Why just cricket?

Why did the Pakistani nation get so worked up about cricket?


Foqia Sadiq Khan April 01, 2011

The lasting image of the Pakistan-India semi-final imprinted on my mind is that of a group of youngsters, dressed in cricket team uniforms, sitting in a row in front of a place selling kabab rolls at midnight, discussing Pakistan’s loss. There were processions of victory after the first innings but after Pakistan lost, there was aerial firing which killed one person in Peshawar and caused quite a few injuries.

Why did the Pakistani nation get so worked up about cricket? Sensationalist media hype was created much before the semi-final. Half-literate and jingoistic TV anchors were drumming the victory beat with never-ending live talk shows. Not only did the Pakistani prime minister, his cabinet and political leadership fly to India, but the entire country closed shop and watched the game. This obsessive behaviour perhaps indicates that there is a void in our society, that many Pakistanis seem to be deprived of the ‘feel-good factor’ and that is perhaps why they responded the way they did to a cricket match.

How many among our youth know Faiz Ahmad Faiz, Pablo Neruda and Indu Mitha?

Why are music, art, poetry and books not our source of pleasure and pride?

How many of us know the works of Sadequain, Gulgee, Nagori and Bashir Mirza? How many of us feel proud about Ayesha Jalal being the only Pakistani MacArthur Fellow or Asim Ijaz Khwaja being the first Pakistani tenured professor at Harvard?

How can we make tailors, drivers, guards and farmers take pride in Roshan Ara Begum and Pathanay Khan? Why do we not want to produce more Zia Mohyeddins? How can an overwhelming number of our youth compete with the Indian youth in their mastery over Ghalib? Why can’t the Pakistani youth compete with the Indian youth in sarangi, bansuri, tabla, sitar and harmonium? Why can’t we compete with Indians in the reading of books like War and Peace, Lolita, Capital and Hamlet?

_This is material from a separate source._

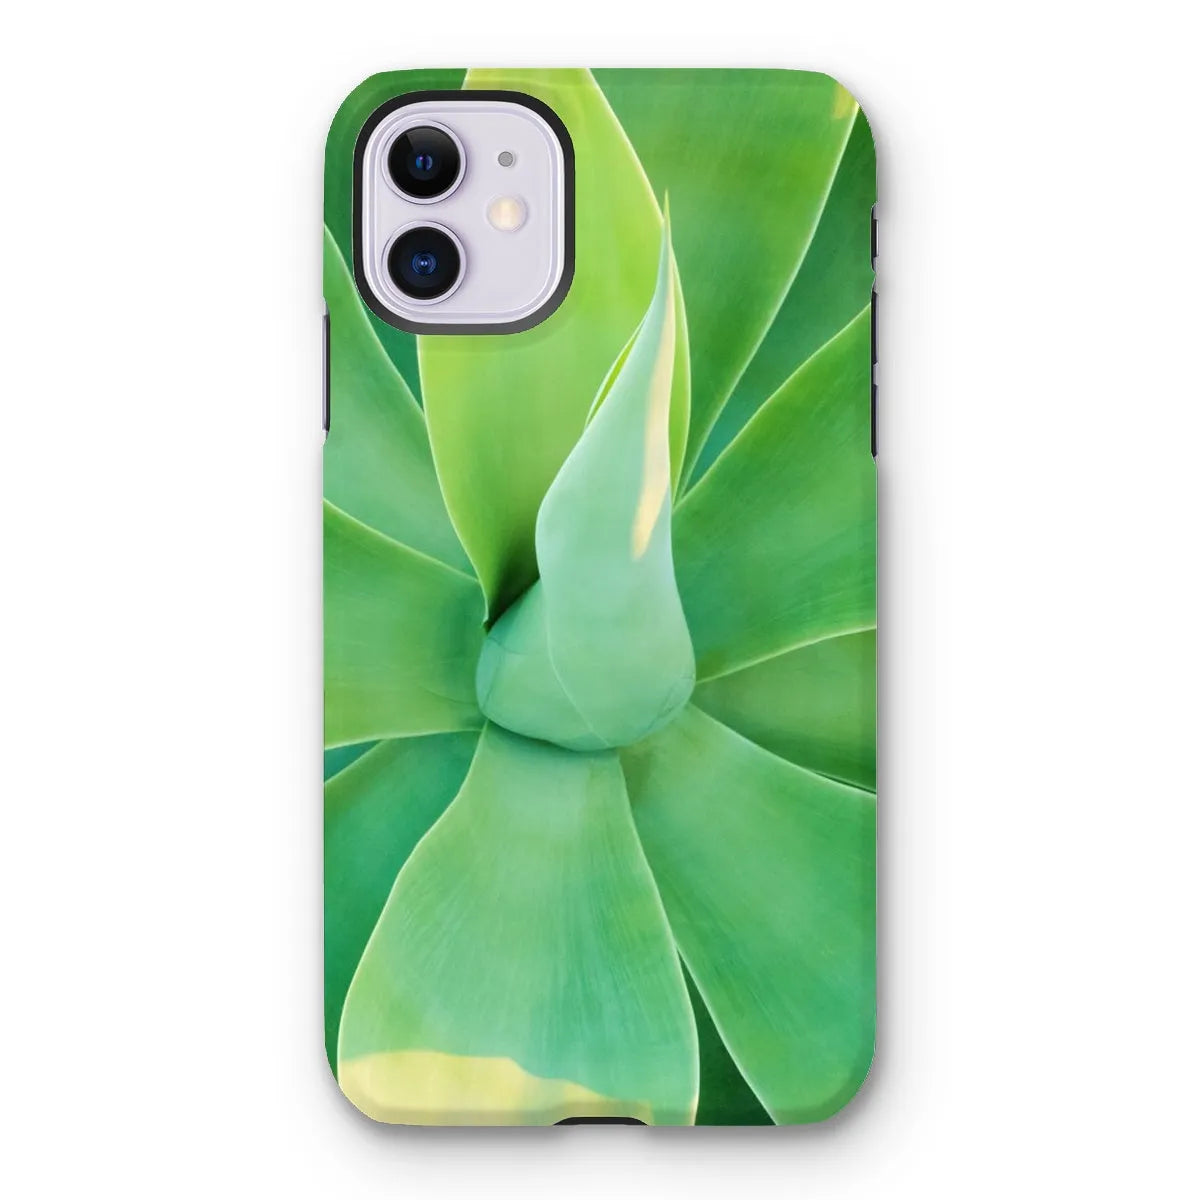 In Bloom Too Tough Phone Case - Iphone 11 / Matte - Mobile Phone Cases - Aesthetic Art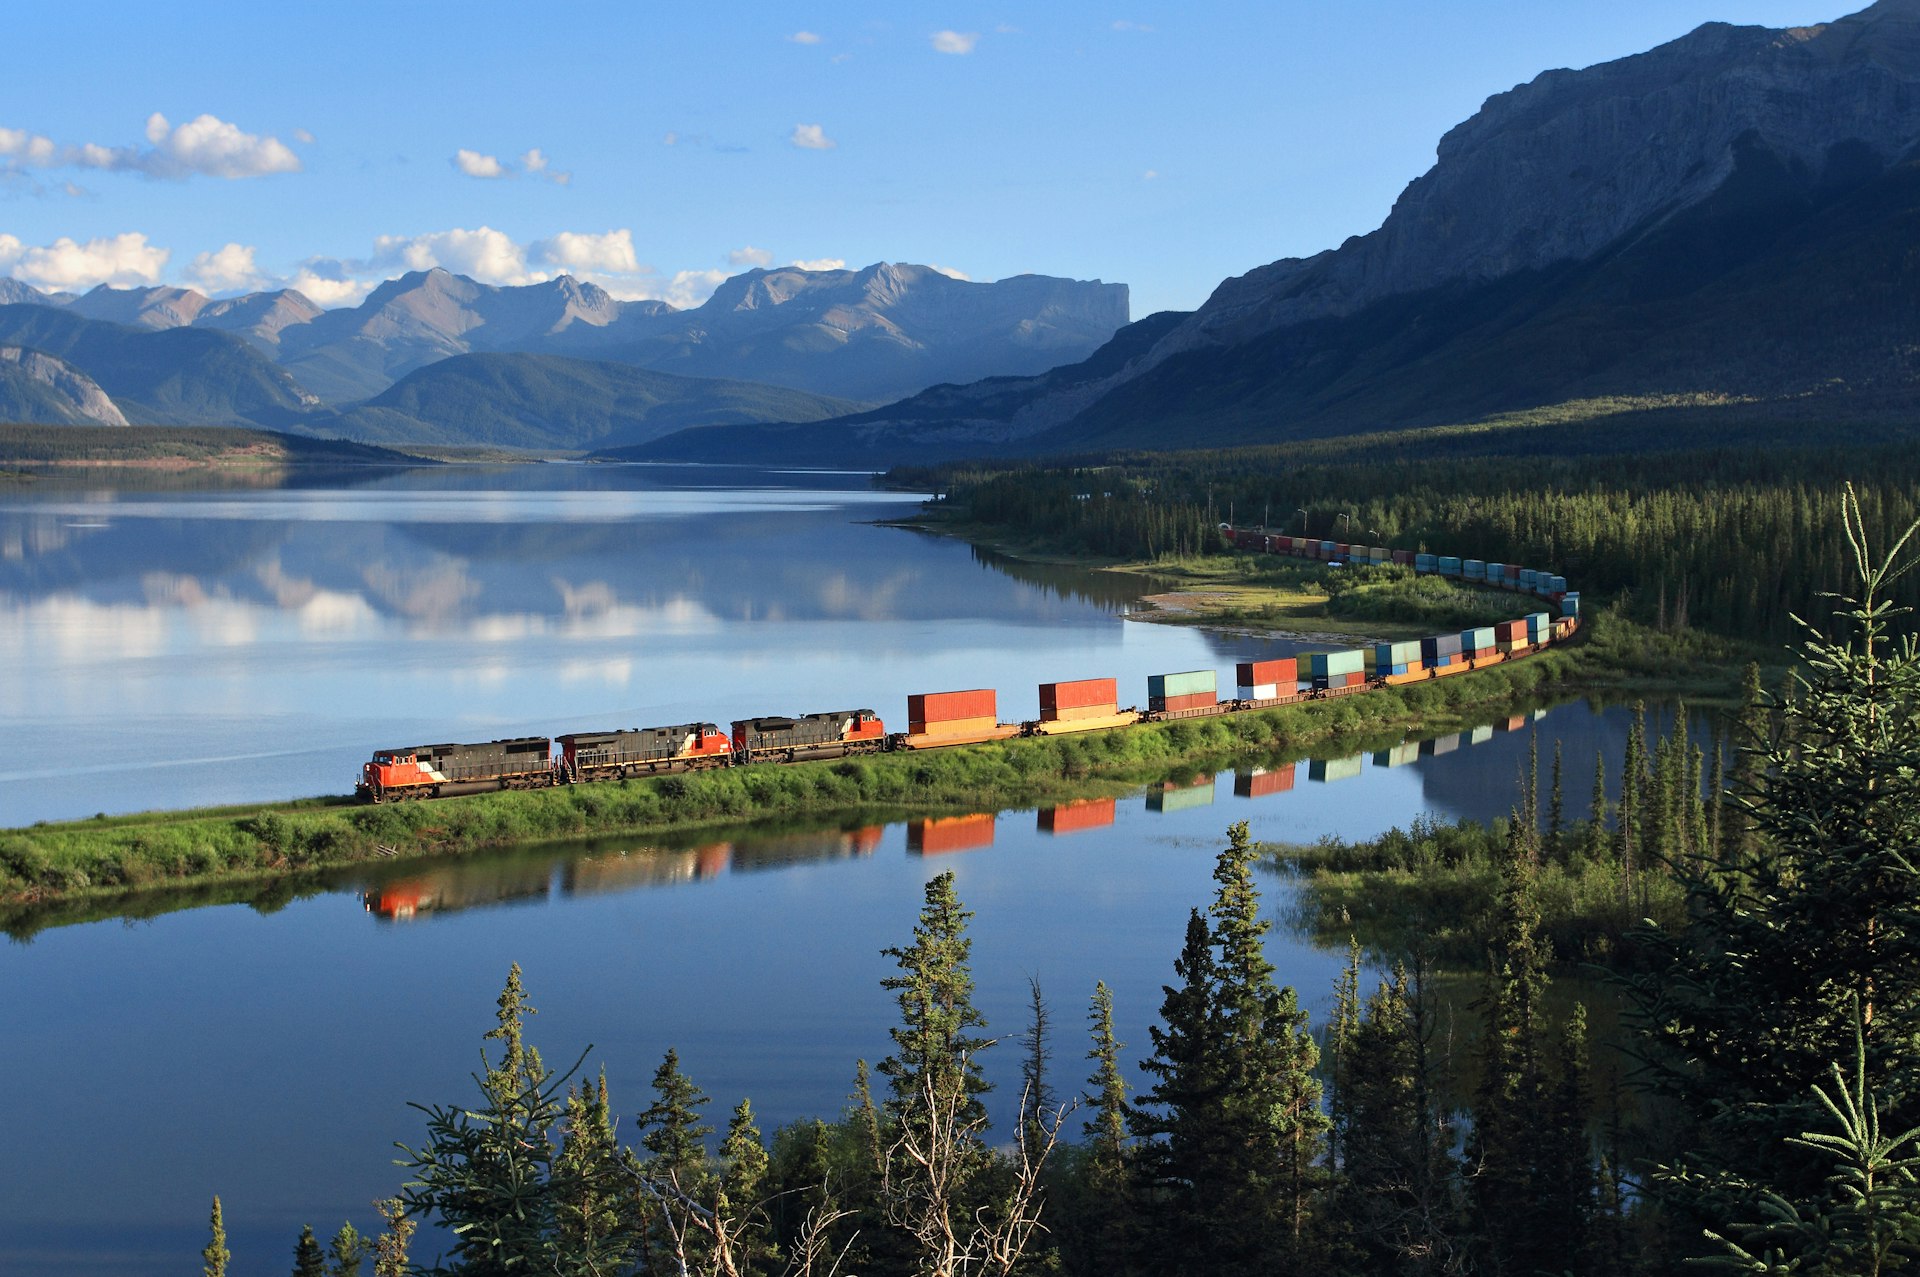 A long freight train follows the tracks through an incredibly scenic lakeside and mountain location

We have to make knowledge, music, art and poetry more accessible to people.

Music band Laal, is one such admirable effort. There is a need for hundreds of thousands of such efforts! The government and donors need to earmark money and make serious programmes to give priority to art and knowledge, and make books popular with the youth and the nation as a whole. Art should not be limited to the symbolism of an annual artisans’ mela in Shakarparian in Islamabad. It has to be a lived reality in schools (particularly government schools), newspapers and electronic media. Art and knowledge have to be made as popular as cricket. Otherwise, the crisis-ridden and volatile Pakistani state and society will not be able to counter retrogressive right-wing mobilisation.

Published in The Express Tribune, April 2nd,  2011.

COMMENTS (23)

chanan mishra | 13 years ago | Reply Writer has aptly pointed out the needs and requirement of fair competition that pakistanis should face with indians rather than an anti India apprach but Cricket passion has nothing to do with all those things mentioned in the article. Presupposing that author has seen both semifinal and final matches then one thing which was prima facie visible was the enthusiasm and anti enthusiasm in Pakistni match was more as compared to final match. At the same time there was praise for Afridi for his sportsman spirit.What author has to say about this stand taken by Indians?
sukirat anand | 13 years ago | Reply I do not understand why WE ( on both sides of the border) are so obsessed with cricket only. Great sport, I concede, but NOT the only one. ( And most of the world does not even understand it; only 'us' who were once ruled by the British). Even the Brits are passionate about other sports like football. But we solely suffer from this cricket-fever . Cricketers, again on both sides of the border, are stars while football/ hockey/kabaddi players are not even known. Media hype on both sides is such that this aristocratic leisurely game of 'classes' has turned into hysteria of 'masses'. Time for all of us to grow up ( and grow out of cricket-centric existence ) a bit.